But it was not just a penetrating wound. It took plenty of power to get through the centimeter-thick hullmetal of his combat suit and the "muscle" and padding layers below that. A lot of that energy went into vaporizing metal and flesh. Lurha was cooked where he lay, the middle third of his big body sizzling inside the armor. With only the little brain in his skull, the one that controlled his senses but was no smarter than a cat's, there was barely enough nervous control to scrabble his forepaws on the deck. Hullmetal foreclaws powered by sinewy limbs and suit muscles gouged the armored floorboard. Luckily the big meson cannon on his back was smart enough to shut down in the absence of a controlling intellect. Hsaa had already tried to remotely slave the gun to his suit - they needed the firepower with both falan in the squad dead - but some connection was cut between the suit antennas and gunmind.
Lots of comms were out. Arowan's Shipmind hadn't spoken to them in...fifteen minutes? Since the last spinal battery shot had punched through the command ship. Glory Of Arowan was still alive and still under control; not thirty seconds before the decks had twitched as missiles launched, and even this deep inside the ship they felt the lesser vibrations as energy turrets and point defense fired. Odds were the shipmind and command crew were fine - relatively - but the local repeaters were down. A dead area in the half-alive, half-metal vessel, one of many.
Hsaa didn't have time to worry about that. He finally, regretfully cut Lurha out of the channel. He'd served with the stolid but endlessly loyal and sometimes unintentionally hilarious hexawoozle for six years and he'd mourn later.
With that hissing wail cut off the rest of the channel came in clear and Norrul was screaming at him.
There were only four of them left out of the original nine. T'k, a xsir supervisor not at all suited for battle; his little crablike body rode atop Hsaa's back and did its best to fire a much too large Gauss gun. The others were himself, his long-time mate Kayna and Norrul, a fellow Mrish from the security section.
Norrul was the only Marine left in the scratch-built squad and both of them outranked him, but he was also the only one with real suit-combat experience. Kayna was supposed to be in her Control section but was cut off from the shipmind when the first bolt punched through the hull and Hsaa was by trade a linguist and secondarily a mechanic. Norrul yelled and Hsaa jumped to obey.
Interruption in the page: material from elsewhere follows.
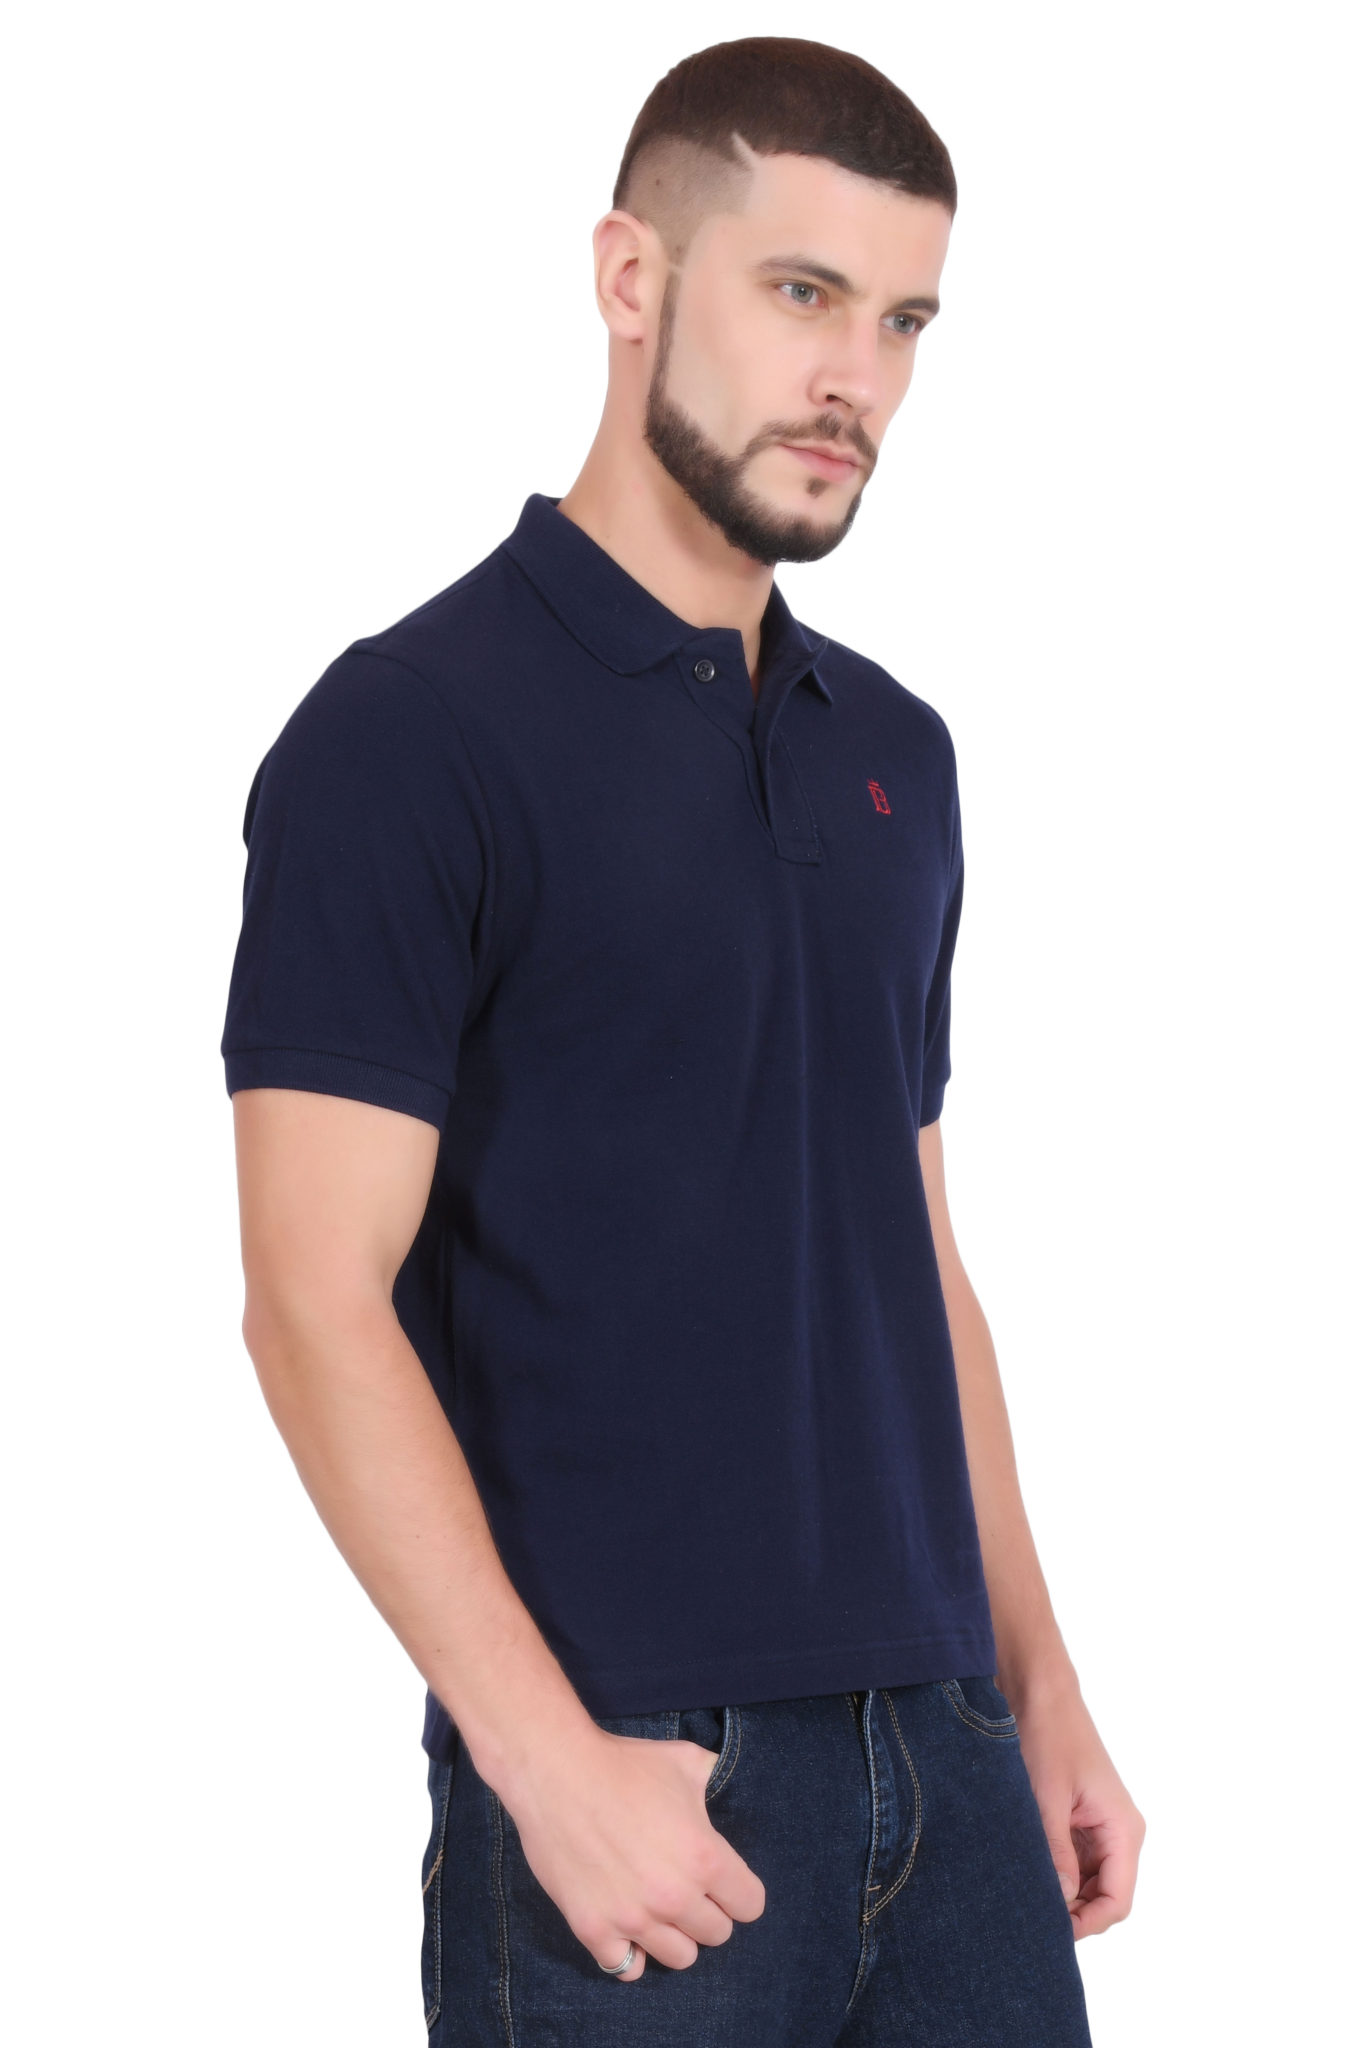 Cotton Polo T Shirt For Men. Plain Solid Design With Collar Navy Blue Right 2

"Hsaa, get that cannon slaved or we're dead! Stop fucking around!" His paralysis had only lasted a few seconds, long enough for Kayna and Norrul to pick off the last of the enemy 'bots in the corridor, but red dots on his HUD showed that more were on the way. Somehow one or more assault shuttles had gotten close enough to dock, or entered through Arowan's rent hull, and the section was swarming with combat 'bots. The nuclear dampers and local suppression fields must be up, since they were still alive and not vaporized by a bot-carried scuttling charge, but that didn't keep the boarding party out of the corridors.
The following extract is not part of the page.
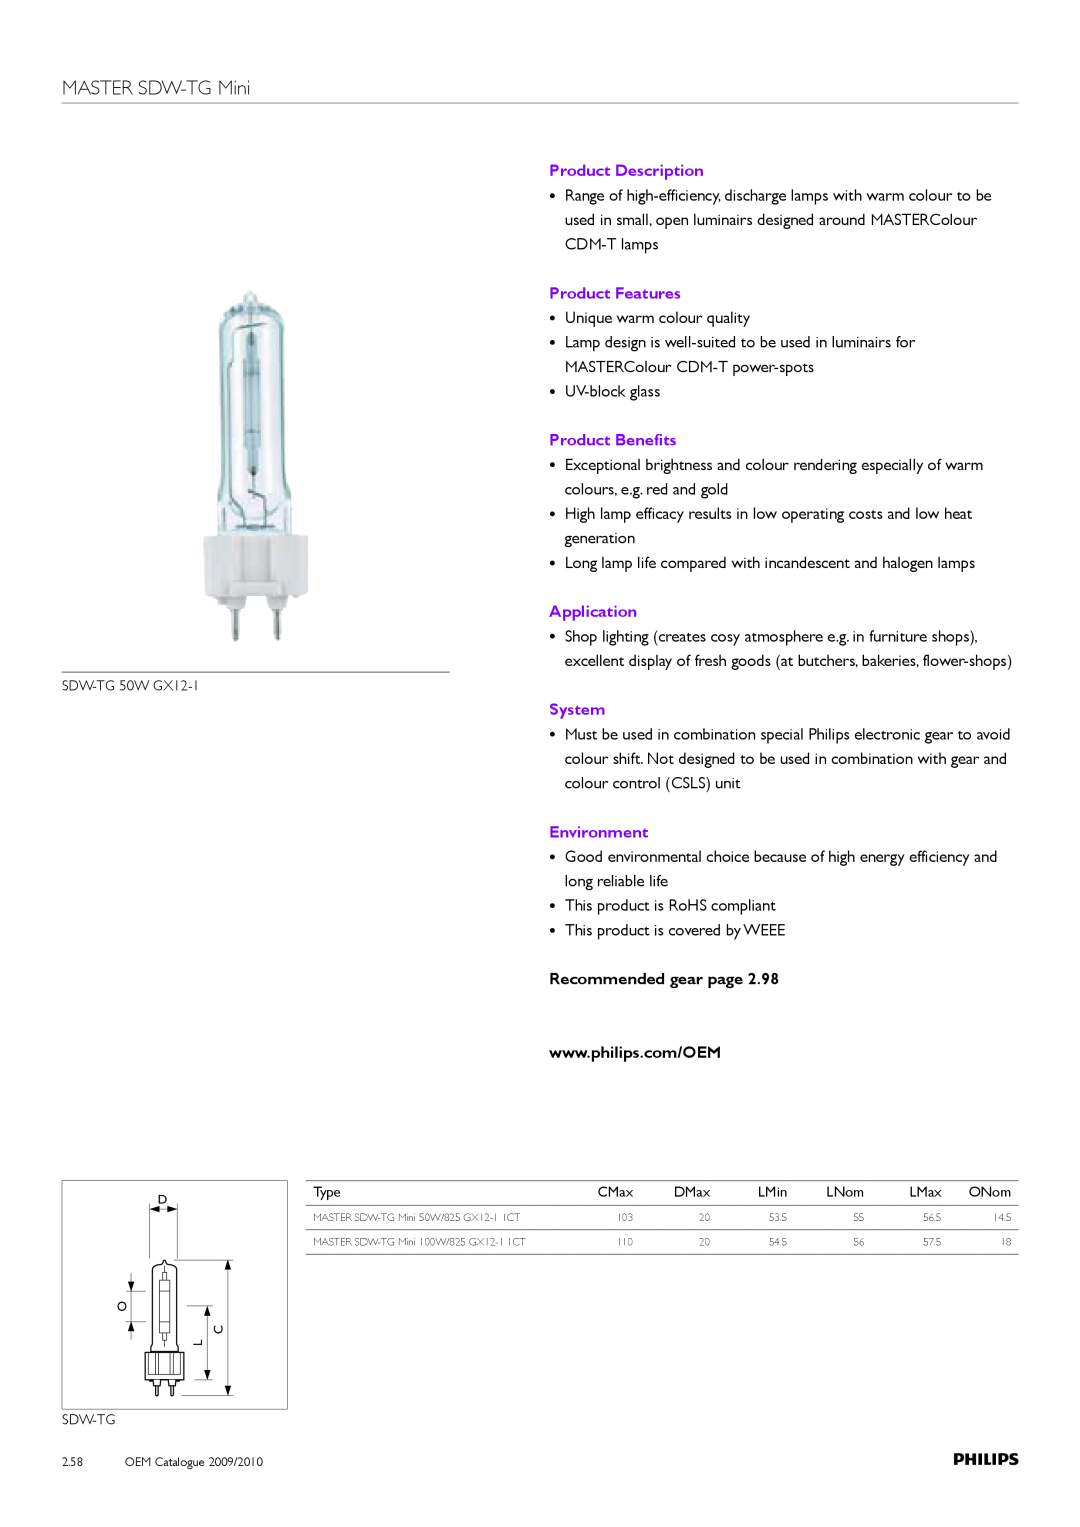 Philips Compact HID Lamp and Gear MASTER SDW-TGMini, Product Description, Product Features, Product Benefits, Application

He'd never seen an actual Enemy before. Few had and lived; the Ylesh were huge tentacled beings half of energy, half of almost-flesh, that lived on the mental emanations of others. Soulsucks, they called them; they could, and did, kill millions by pulling the life and minds from their prey from a distance. Their unnatural, partly other-dimensional bodies were incredibly durable. If even one entered the ship the command crew would instantly scuttle Arowan. Even a command ship and its crew was not too high a price to pay for the life of one of the Enemy.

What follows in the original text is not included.